I have a deal with my kids on Sunday mornings. They leave me alone to review the bobbleheads on the Sunday shows in exchange for me making them a Su
April 9, 2009


I have a deal with my kids on Sunday mornings. They leave me alone to review the bobbleheads on the Sunday shows in exchange for me making them a Sunday breakfast with the works: bacon, fresh berries, hash browns and above all, light, fluffy pancakes with lots of warm, real maple syrup. They get their carbohydrate overload while I try to keep down my heart-healthy oatmeal as I listen the the latest spin.

But it looks like Mother Nature may be forcing me to renegotiate the deal:

Sadly, thanks to increasingly ‘weird’ and warming weather, the long-standing tradition and $65 million business of “maple sugaring” in the northeastern U.S. is in danger of becoming a historical footnote.

It’s because the cycles of what is called ‘cold recharge’ – where weeks of below-freezing temperatures, followed by warmer temperatures – are shortening to the point where sugar maples are not producing the sap which is later boiled down to make maple syrup.

It this recharge cycle which allows the sap in sugar maples’ limbs to turn to ice, creating an area of lower pressure which in turn pulls up more sap into the frozen areas from the roots up. In this state, the trees convert their stored starches into sucrose that will fuel spring budding. As the warming weather melts the sap ice, liquid sap is pushed in all directions. All one has to do is drill a hole for the sap to flow.
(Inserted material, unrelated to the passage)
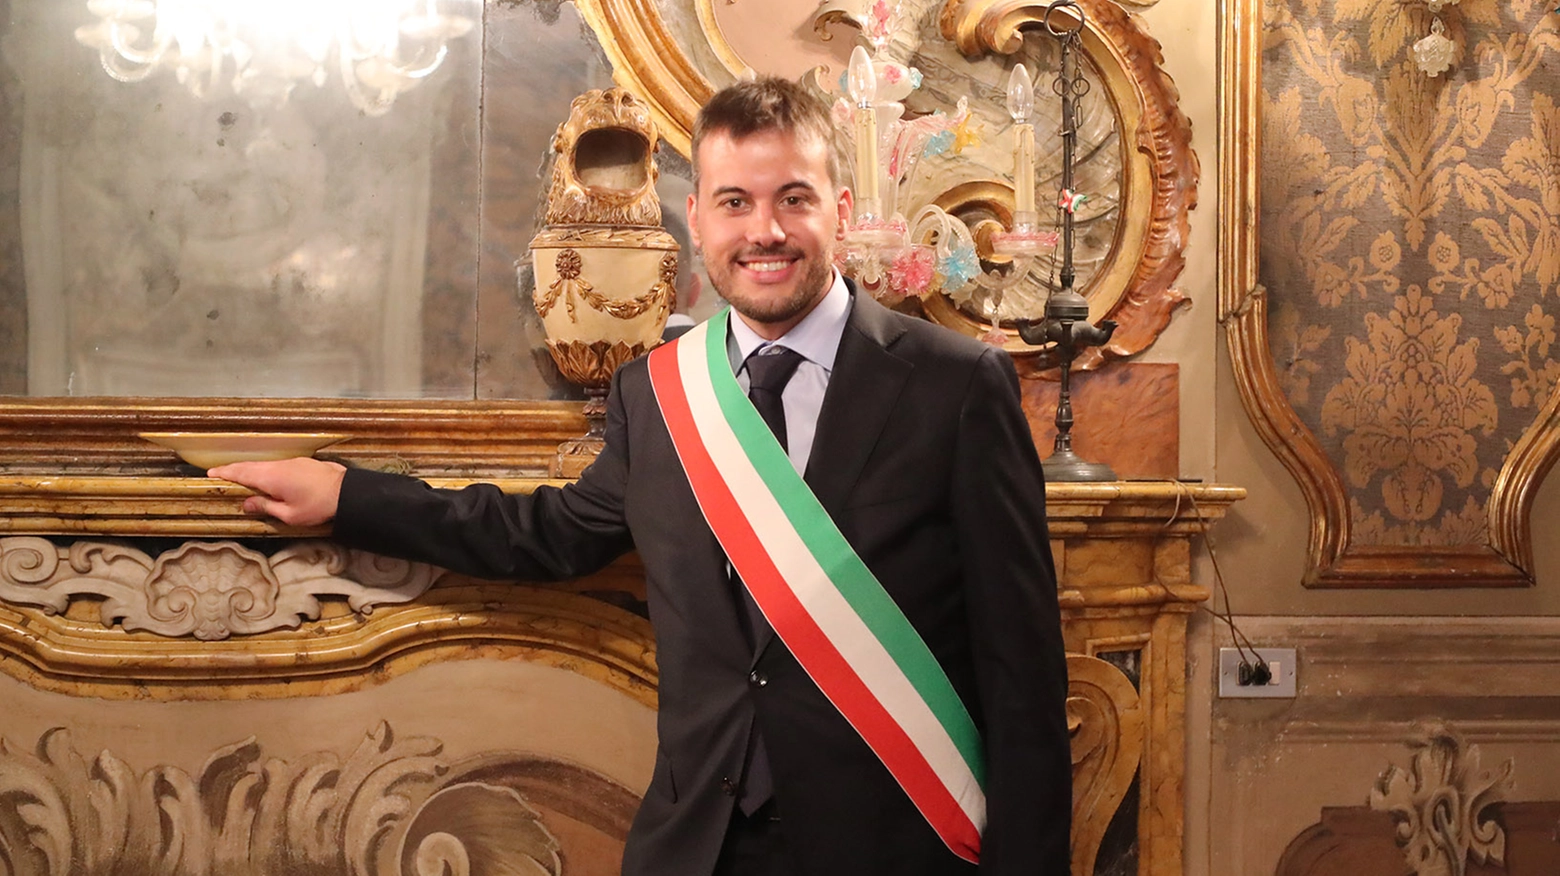 Marco Panieri al primo giorno da sindaco di Imola (Isolapress)
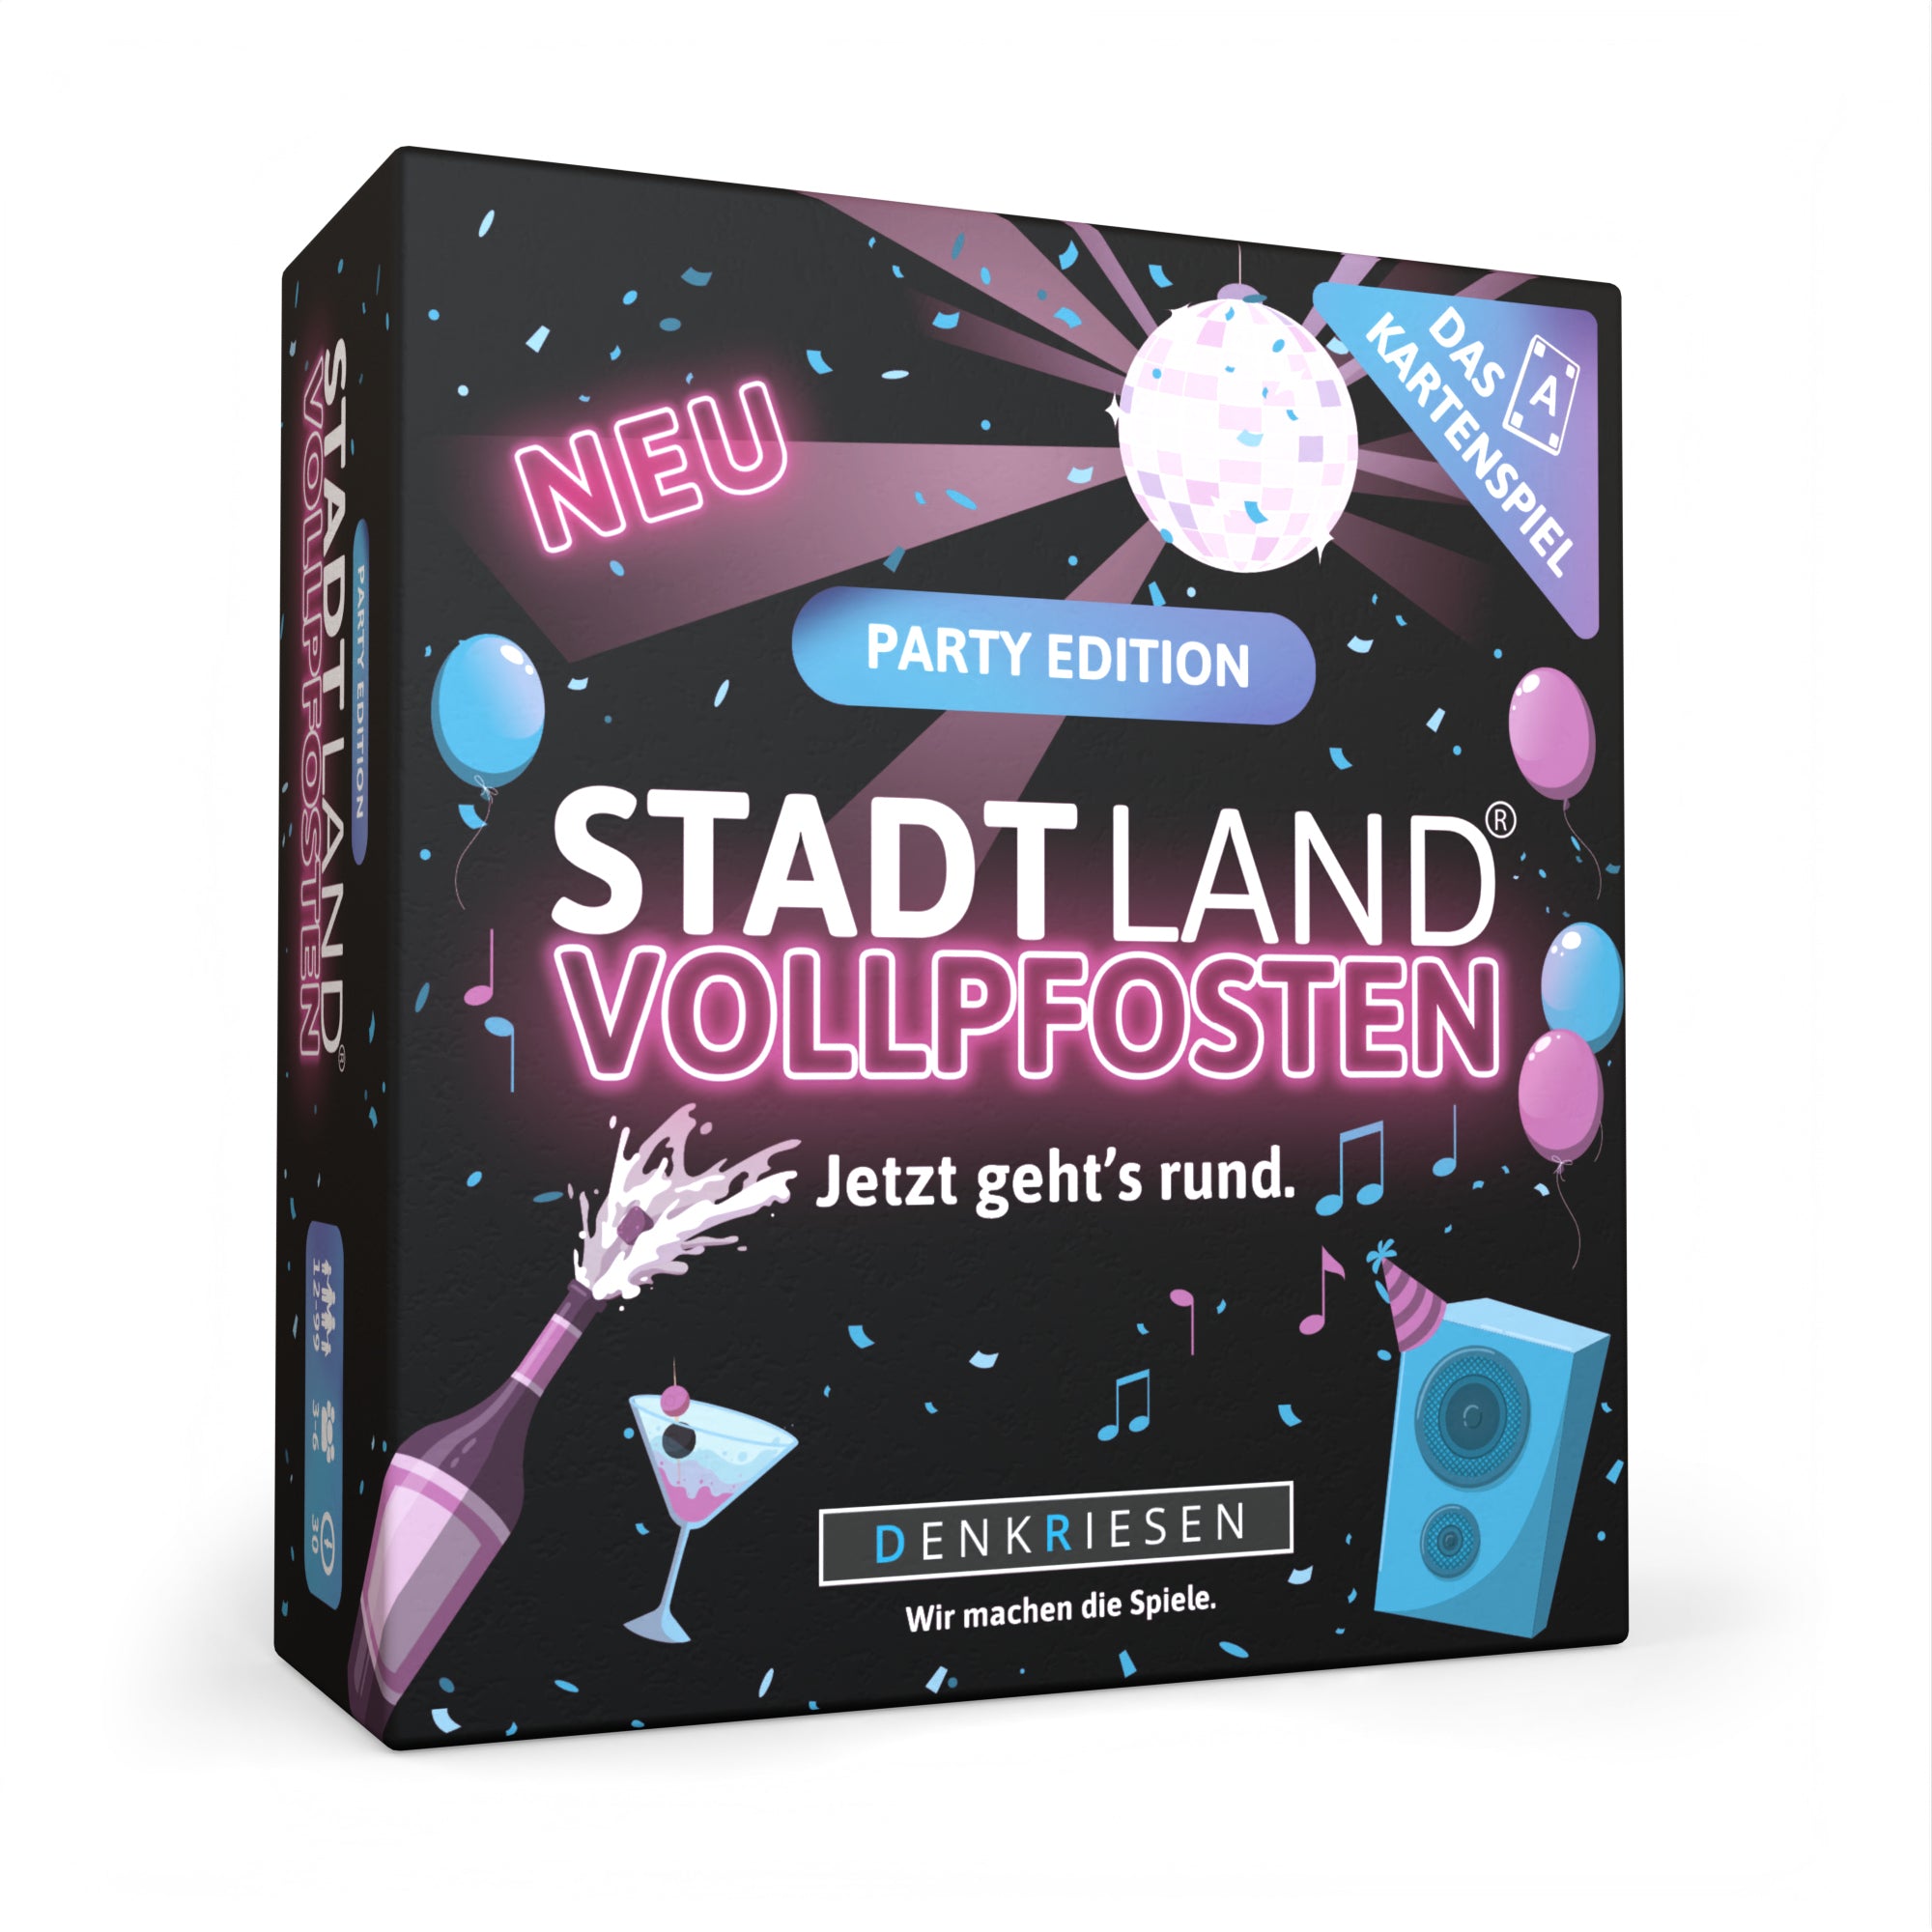 Stadt Land Vollpfosten® Party Edition – "Jetzt geht's rund." | Das Kartenspiel

But for some places in the Northeast, the sugar-tapping season is either getting shorter and shorter, sometimes lasting only a week, as it did in Quebec last year.

"This is a weather-related industry," says Sam Cutting, owner of Dakin Farm in Vermont and who has been in the sugar business for 40 years. "There are always problems in the maple industry: gypsy moths, floods, droughts."

Warmer weather has also translated to problems with pests such as the pear thrip, and the non-native Asian longhorn beetle destroying maple trees. Deer populations have also exploded in some places, meaning that more maple shoots are eaten before making it to maturity. It requires a mature tree of 40 to 50 years old to make maple syrup safely.

My daughter has reminded me that I could purchase the less expensive "maple-flavored" syrup instead, but given that they have found they have found mercury in High Fructose Corn Syrup (HFCS), the primary ingredient in those syrups, I find that an unacceptable alternative.